The recommendations of each other will be necessary, without the Park family being aware that it is hiring all the members of a family without training and work experience. Once again, the strength of the recommendations and of lying on the resume outweighs the importance of getting a good job than dedication, struggle, or effort. All a reflection of the current world in which we live.
Parasites : the abyss of social classes
A recurring theme in Bong Joon-ho’s filmography is differences in social class. In Parasites , the director criticizes a system that pushes people to make radical decisions. The first scene in Parasites appears to be an empty bird cage covered in socks in front of a window that is partially below street level.
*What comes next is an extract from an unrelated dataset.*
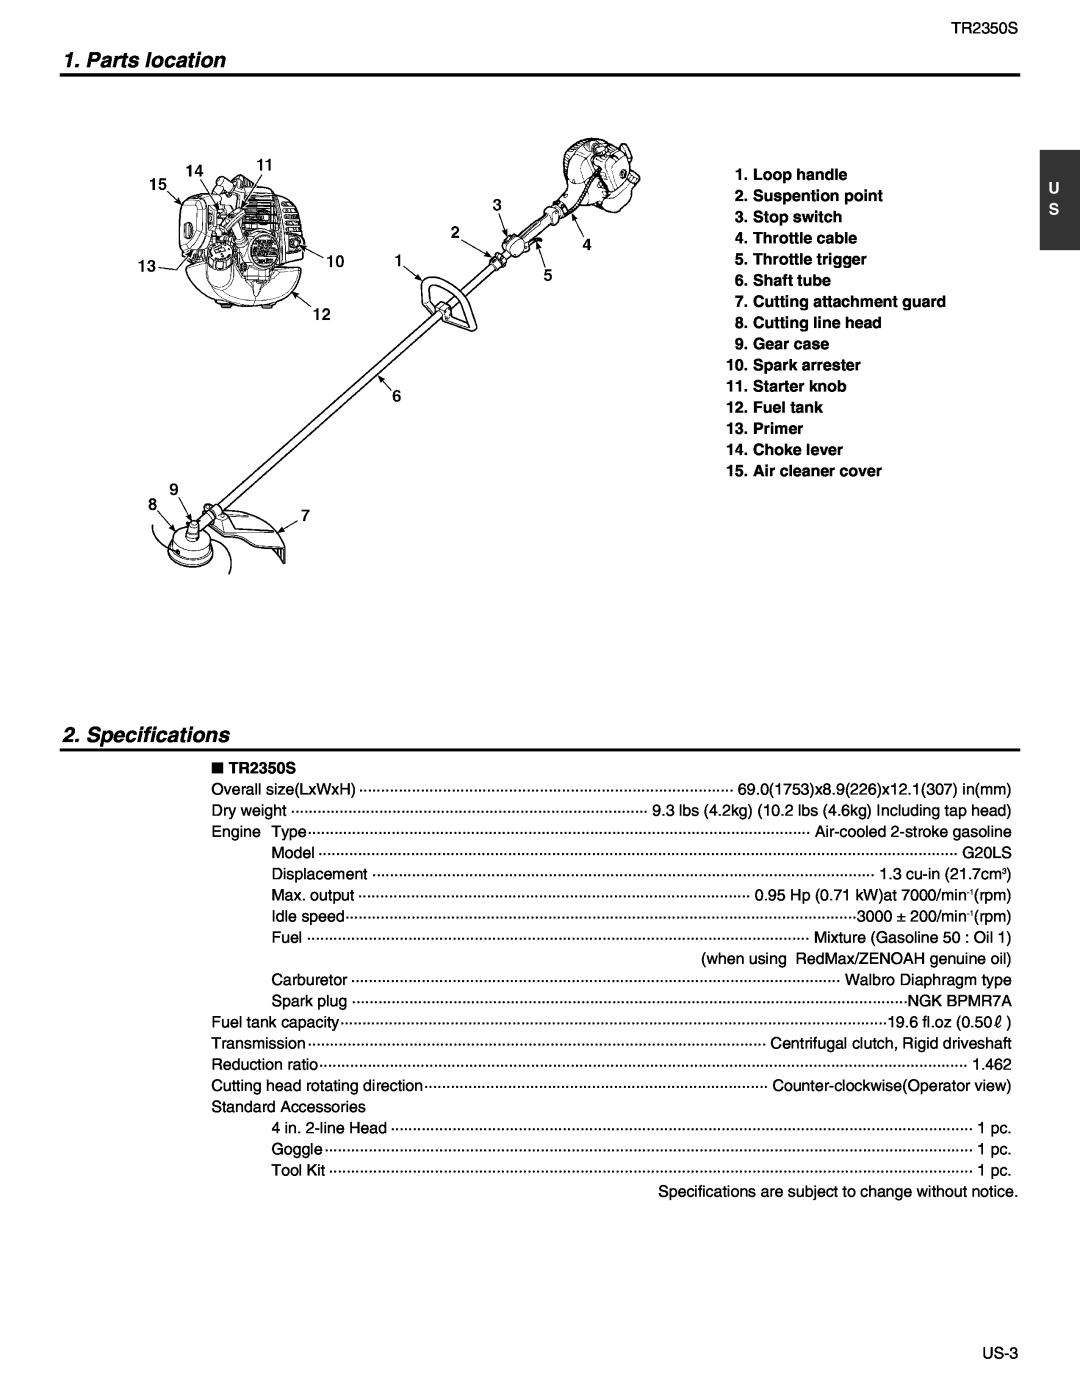 RedMax TR2350S manual Parts location, Specifications

Instead, in this apartment, all dreams of escape have been extinguished. The socks reinforce the connection to the ground while they are in the cage. The low advantage it gives to the street indicates exclusion. Stuck underground, the Kims writhe over the depths to which they have sunk, for their lack of connection.
However, there are people even shorter than the Kims, people whose existence is completely underground, who smell worse than them, of mold and excrement, whom the Kims must now bury just as they were buried. Other underground stairs will appear much more terrifying than those that all the members of the Kim family descend one night of floods. The use of the stairs has a great symbolism in this movie.
From joke to tragedy
The first half of Parasites is easily seen. We follow all these endearing characters despite their flaws and their choices beyond all morals. Humor works great and scams are delicious. But, little by little, the humor fades to make room for a darker atmosphere, despite the slight touches of absurdity that never leave the film.
The poor family comments on how incredibly “nice” the lady of the Park house is. They realize that it is easy to be nice and have a good mood with an inexpensive mattress that supports you. There seems to be an aura of dignity, joy, respect and reason in everything that surrounds the Park family.
The further the film progresses, the more raw it becomes, reaching the point of violence. After a rain shower causes sewers to overflow and symbolically flood the Kim basement apartment; The family is forced to perform the next day at the Park’s fancy party honoring Native American Indians celebrating the Park’s son’s birthday.
The dehumanization of the poor, the servant
Hiding under a table, the Kims listen as Mr. Park talks about Mr. Kim’s good qualities. They describe him as a good man, someone who looks like he’s going to go overboard, but never really does.
They describe its characteristic smell, that “wet cloth” smell of people taking the subway. In those words, it follows that for this family, and surely for a part of Korean society, the poor are human beings, but in a different way from the rich.
For the upper classes, their power lies not so much in having money as in clearly differentiating themselves from people whom they consider, in part, despicable and expendable. All that cruel condescension settles within the entire Kim family.
The father, dressed in Indian feathers, to surprise at the party and without any empathy on the part of this successful family, experiences a sense of madness relative to his dignity. After that, a class revenge begins. A revenge of every father who does not tolerate the humiliation experienced by those who are like him.
After watching this movie, one does not stop wondering: Who are the real parasites? The poor who join the rich or the rich who suck the marrow of the poor? Or is the system itself the parasite, drawing its energy from the turbulent interaction between rich and poor?